New figures showing that the NHS in Scotland is close to reaching its target for reducing hospital waiting times has been played down by statisticians.

Official figures released today show that 89.7 per cent of recorded patients were treated within 18 weeks.

This is just a fraction below the Scottish government`s pledge to deliver prompt treatment in 90 per cent of cases by the end of the year.

However, these figures did not include 34,000 patients, over a quarter of the total, whose journey from referral to treatment was not fully recorded because of outdated systems.

With nearly four months to go until the 31 December deadline, NHS boards are working to bring their systems up to date in order to record their performance against targets effectively.

In the meantime, statisticians have said: “Some caution should be exercised in using and interpreting these data at this early, developmental stage.”

An accompanying report to the figures says that until systems have improved the data should be considered “provisional”.

A Scottish government spokeswoman said NHS boards are working to bring their systems up to date in time for the December deadline.

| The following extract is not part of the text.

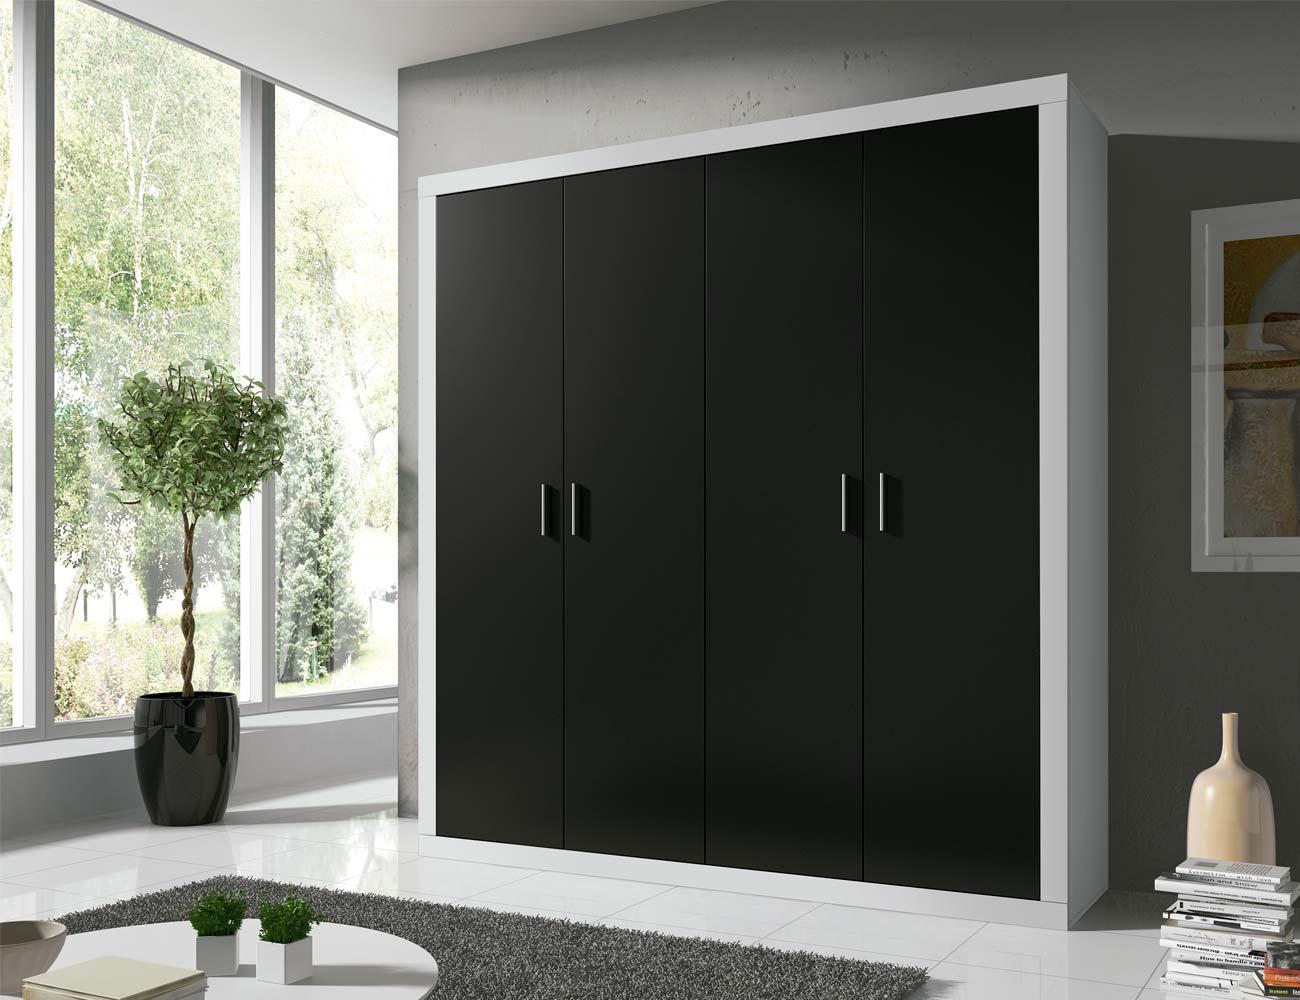 Detalle armario puertas abatibles blanco grafito2

Health secretary Nicola Sturgeon said: “Upon reappointment to office I made it clear that there would be no let up in this government’s bid to drive down waiting times. These latest statistics show that the health service listened and are continuing to deliver on this pledge.

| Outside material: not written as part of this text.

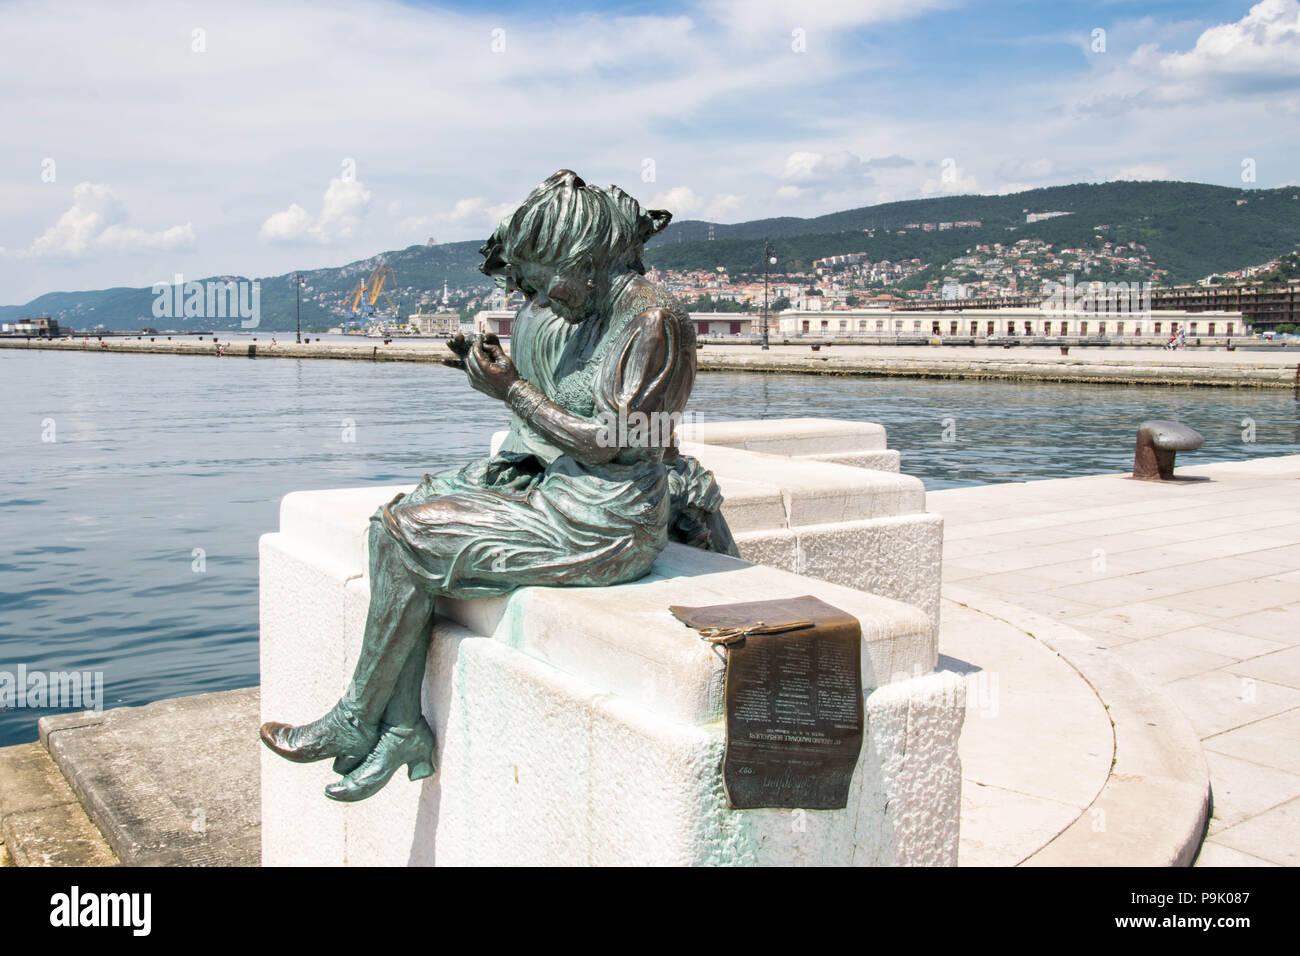 Europa, Italien, Triest - eine der Zahlen von Scala Reale Denkmal in Triest, in der Nähe von dem Molo Audace. Stockfoto

“Patients continue to tell me that prompt access to treatment, delivered as locally as possible, is one of their top priorities and that is why we are continuing to put such an emphasis on cutting waiting times.

“The delivery of the 18 weeks target is a big challenge for our NHS but the service has shown that it is fit for this challenge and I expect boards to continue to take sustained action to ensure that this promise to patients is delivered.”